Quantcast
Menu

Buy to Let

Guide to tracker mortgages

Your Mortgage
Written By:
Your Mortgage
Posted:
Updated:
09/03/2017

This type of product follows the Bank of England Base Rate or the lender’s Standard Variable Rate (SVR), plus or minus a certain percentage.

 

 

For example, if Bank Base Rate is 0.25% and you are on a two-year tracker mortgage of BBR +2%, the rate you pay will be 2.25%. However, if the Base Rate drops to 0.10%, your rate will also fall to 2.10%.

 

If your mortgage tracks your lender’s SVR it may not necessarily change in line with the Base Rate, however a Base Rate tracker is guaranteed to.

 

It is also possible to get mortgages that track other rates, such as LIBOR (London Interbank Offered Rate; the rate at which banks lend to each other), but these products are nowhere near as common.

 

Discount tracker mortgages

 

To confuse matters, you can also get discount tracker mortgages. Read about discount tracker mortgages in our discount mortgages section.

 

Lifetime tracker mortgages

 

Some mortgage lenders offer lifetime tracker mortgages, which will track the Bank Rate for the entire life of your mortgage by a guaranteed maximum percentage. So they may promise never to charge you more than 1% above Bank Rate, for example.

 

Again, lifetime tracker mortgages tend to come with relatively small fees, and with no ERCs attached.

 

Pros and cons of tracker mortgages

 

Tracker mortgages are straightforward and transparent, and some people like them because they the mortgage lender cannot influence the rate once its margin is set.
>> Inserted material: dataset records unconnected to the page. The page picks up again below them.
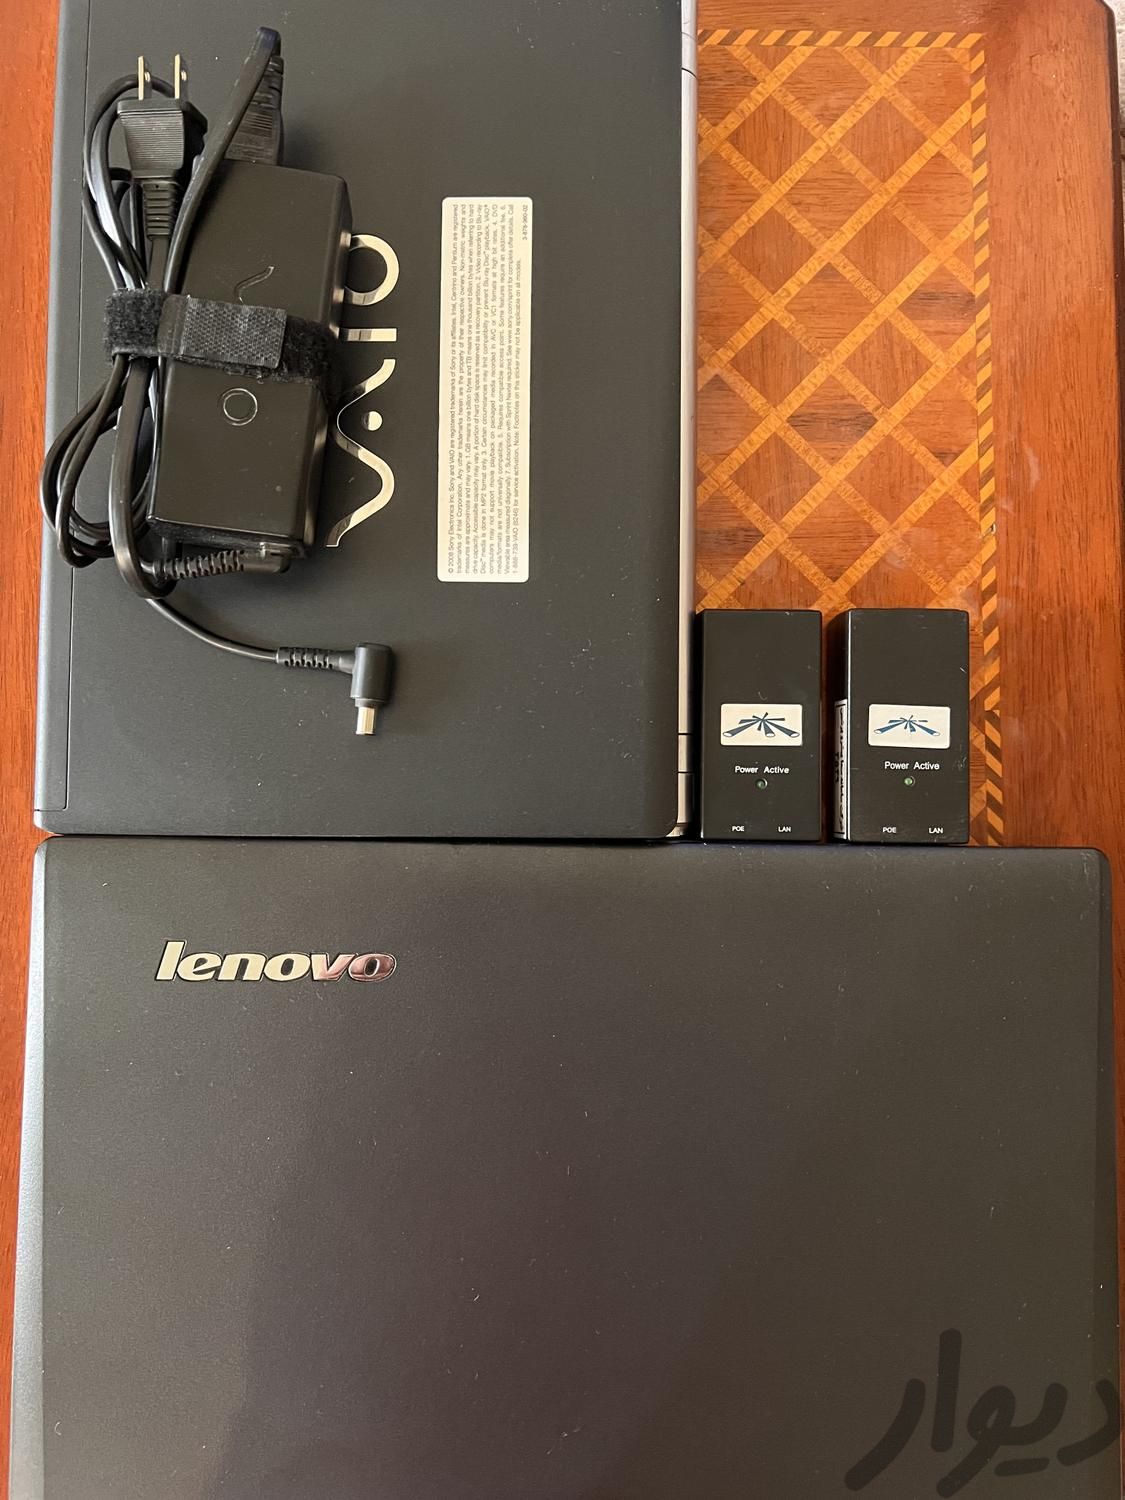 دو عدد لپ تاپ Lenovo و دو عدد Poe|رایانه همراه|تهران, زرگنده|دیوار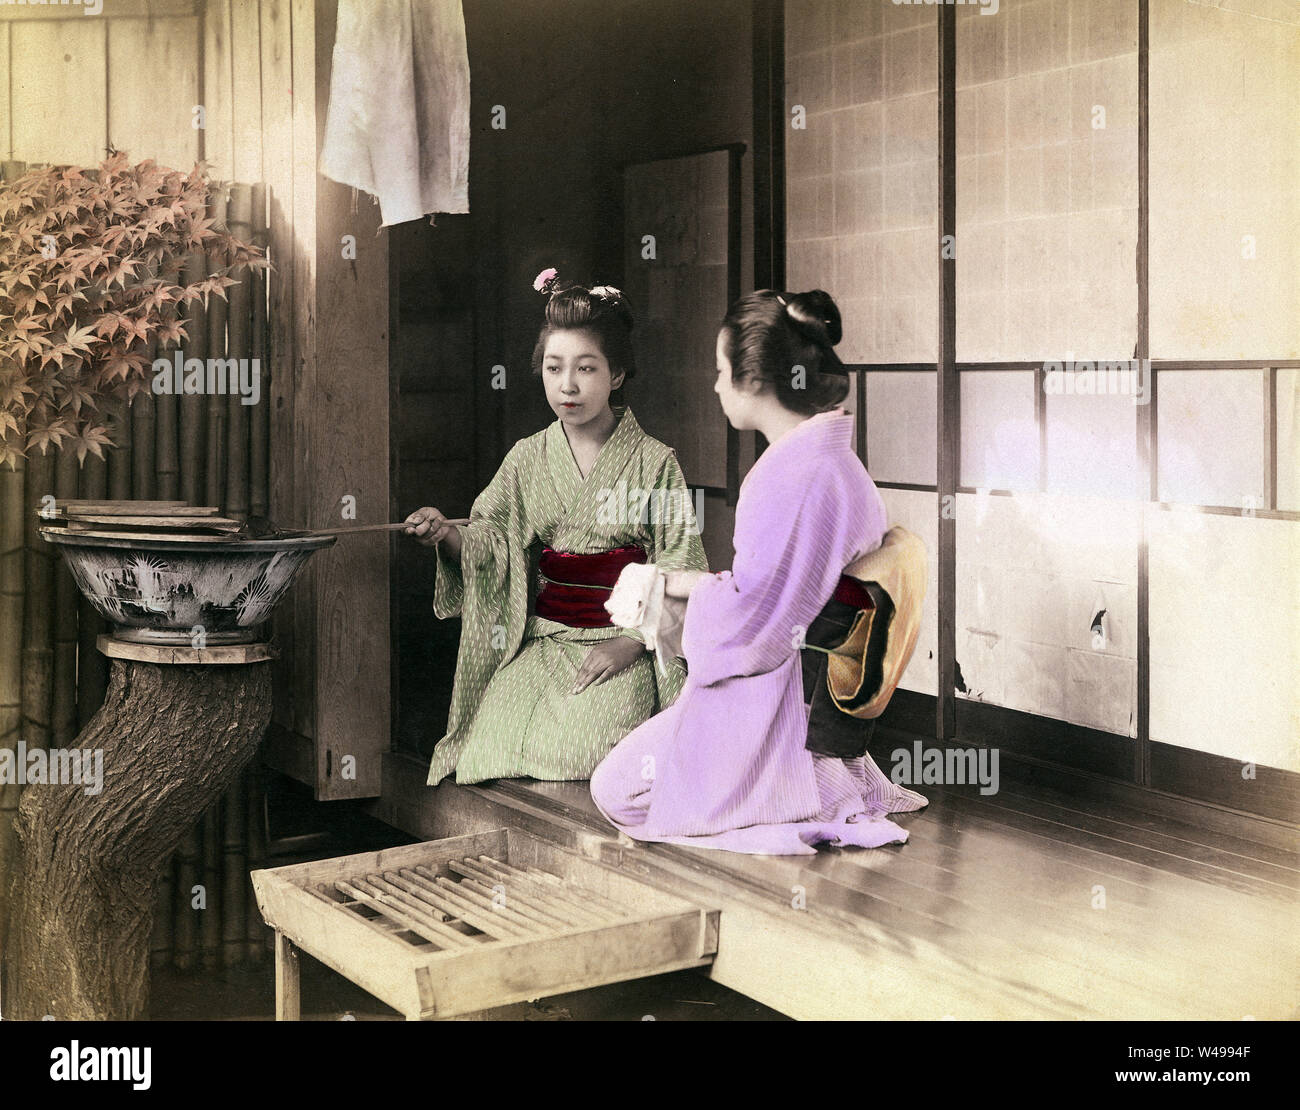 [ 1890 Giappone - Le donne giapponesi lavaggio delle mani ] - una donna in kimono utilizza un Hishaku (siviera) per spruzzare acqua sulle mani di un'altra donna che sta lavando le mani. Le due ragazze sono seduti sulla veranda di una casa privata. Lavaggio delle mani (Temizu) è un importante rituale di purificazione durante l'inserimento di sacrario scintoista motivi, ma è stato anche fatto al momento di entrare in una casa privata. Xix secolo albume vintage fotografia. Foto Stock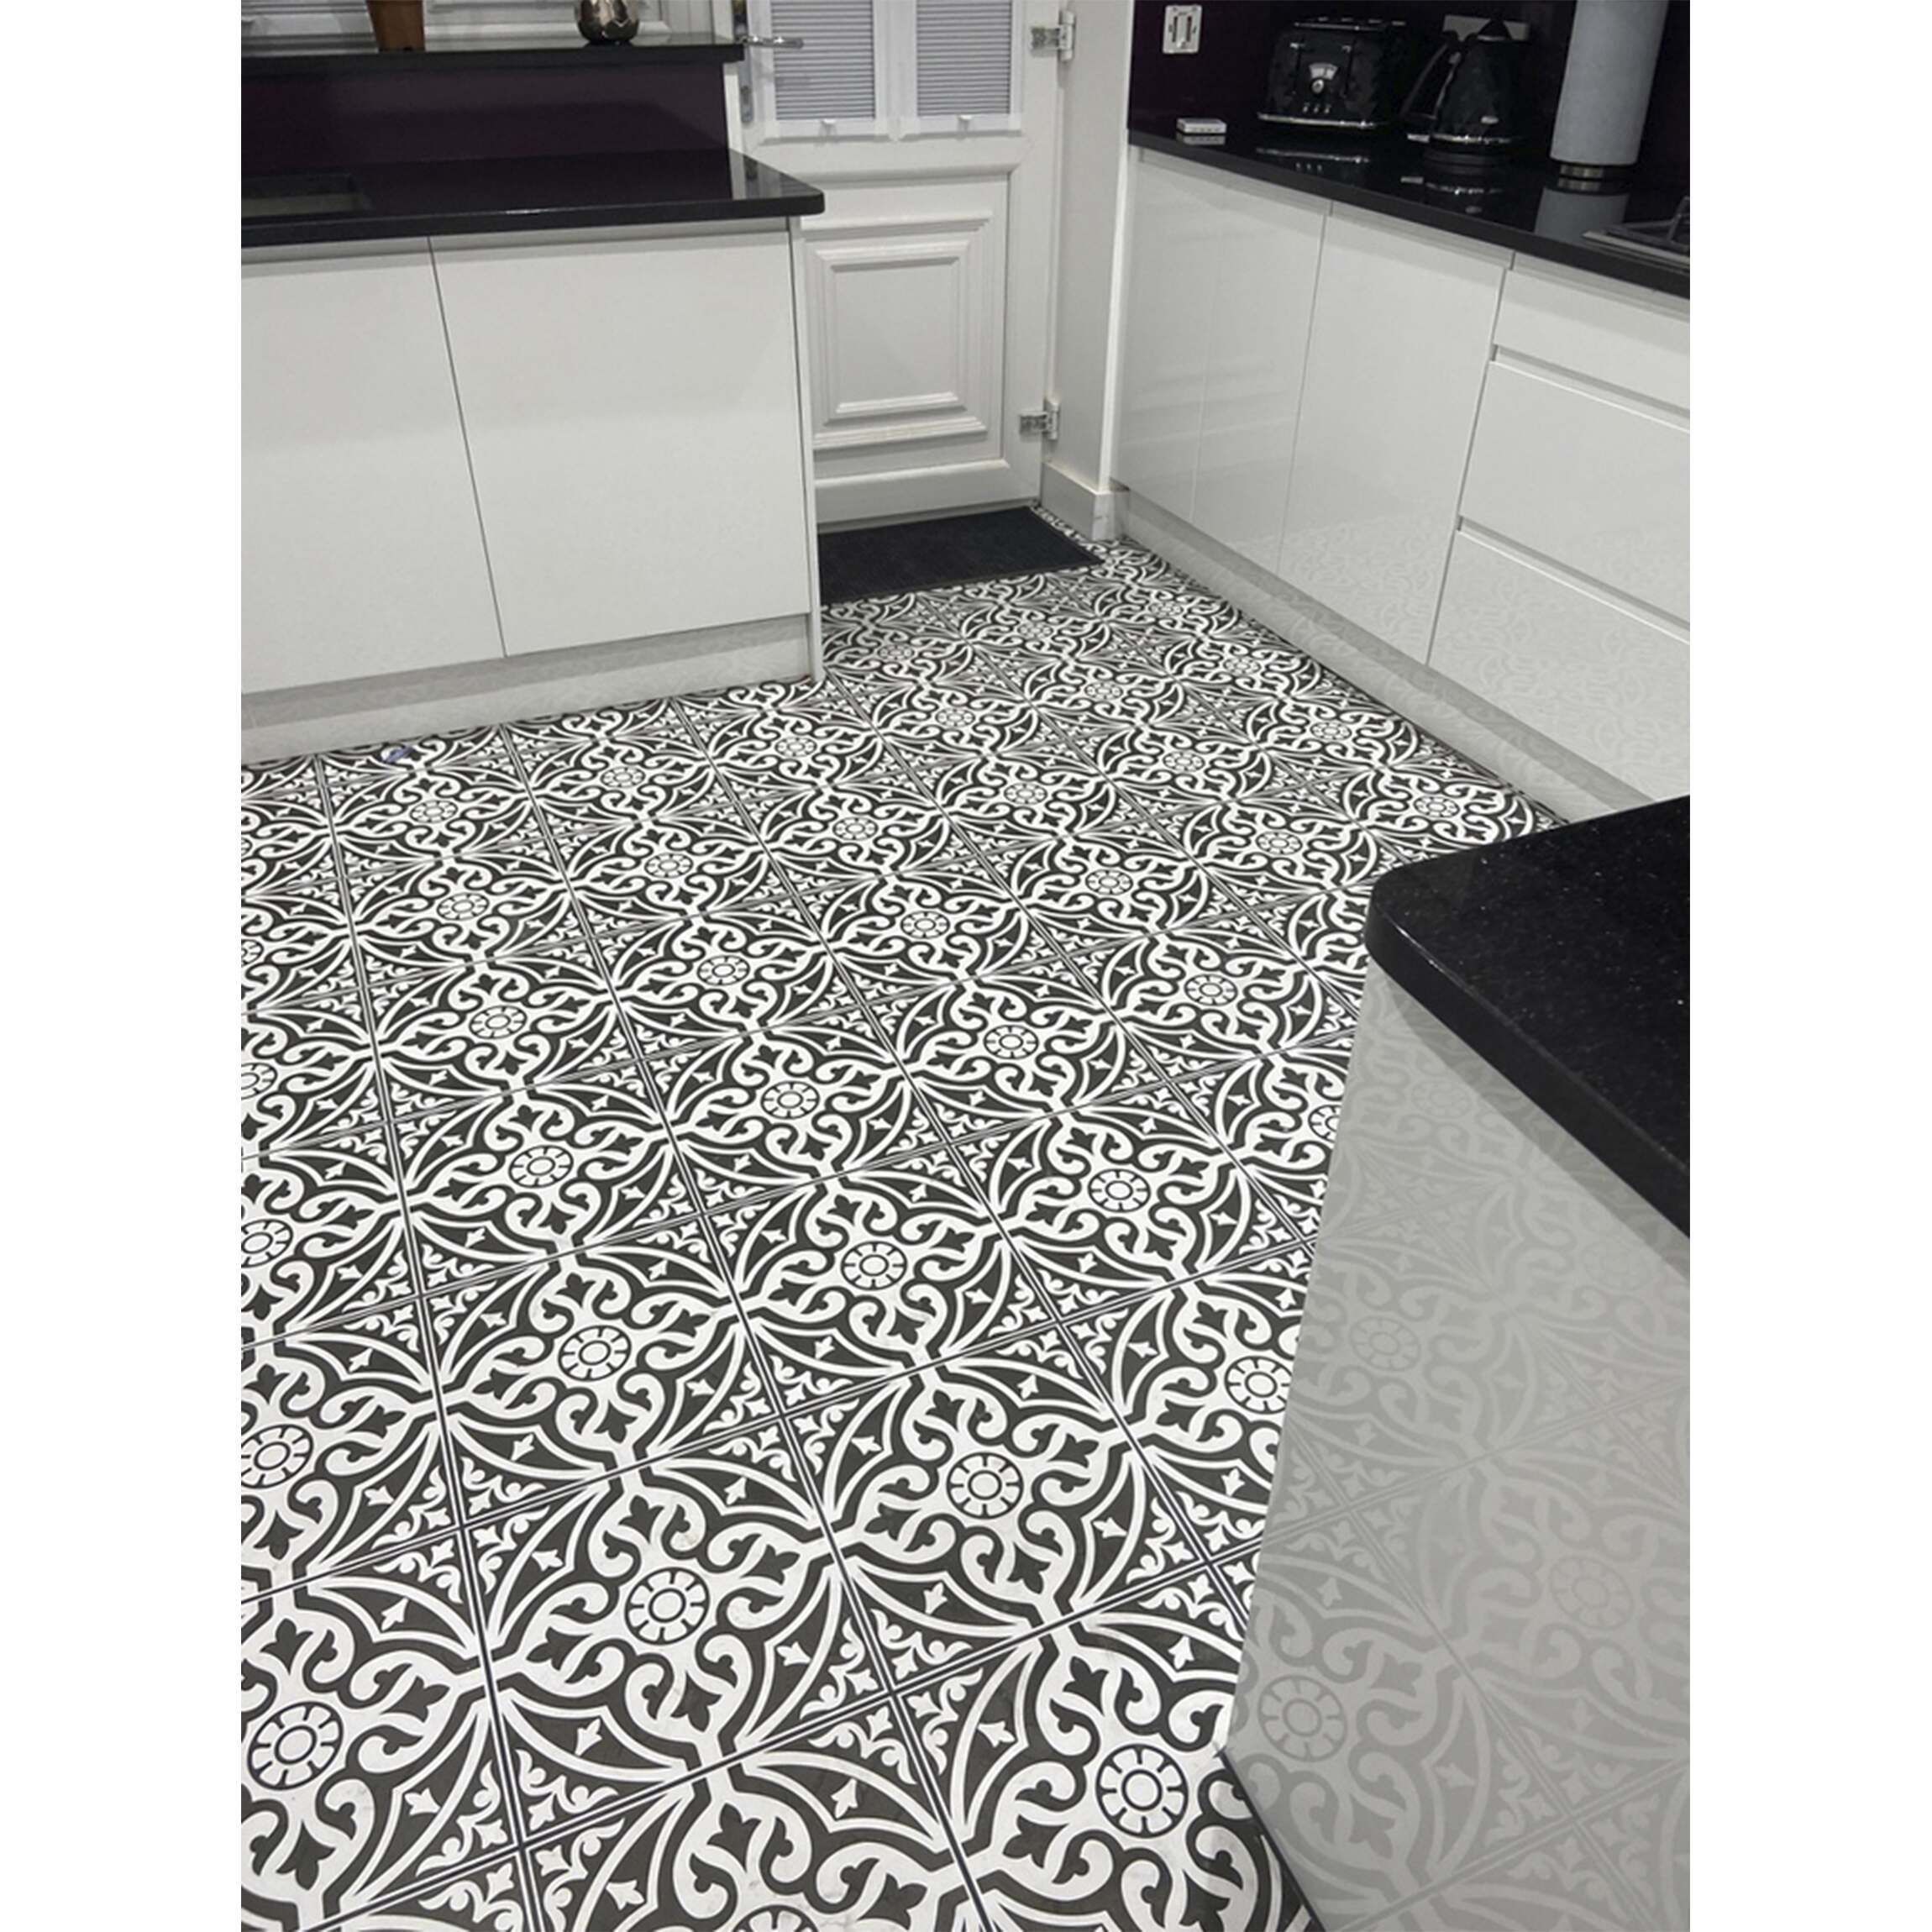 Floor Tile Tiles From Mountain, Patterned Floor Tiles

The rate you pay fluctuates directly in line with the Bank Rate set by the Bank of England, rather than being attached to the lender’s own Standard Variable Rate, which it can alter whenever it chooses for commercial purposes.

 

Tracker mortgages can be simple products for lenders to design, so they tend to come with lower fees than fixed, capped or discounted rates.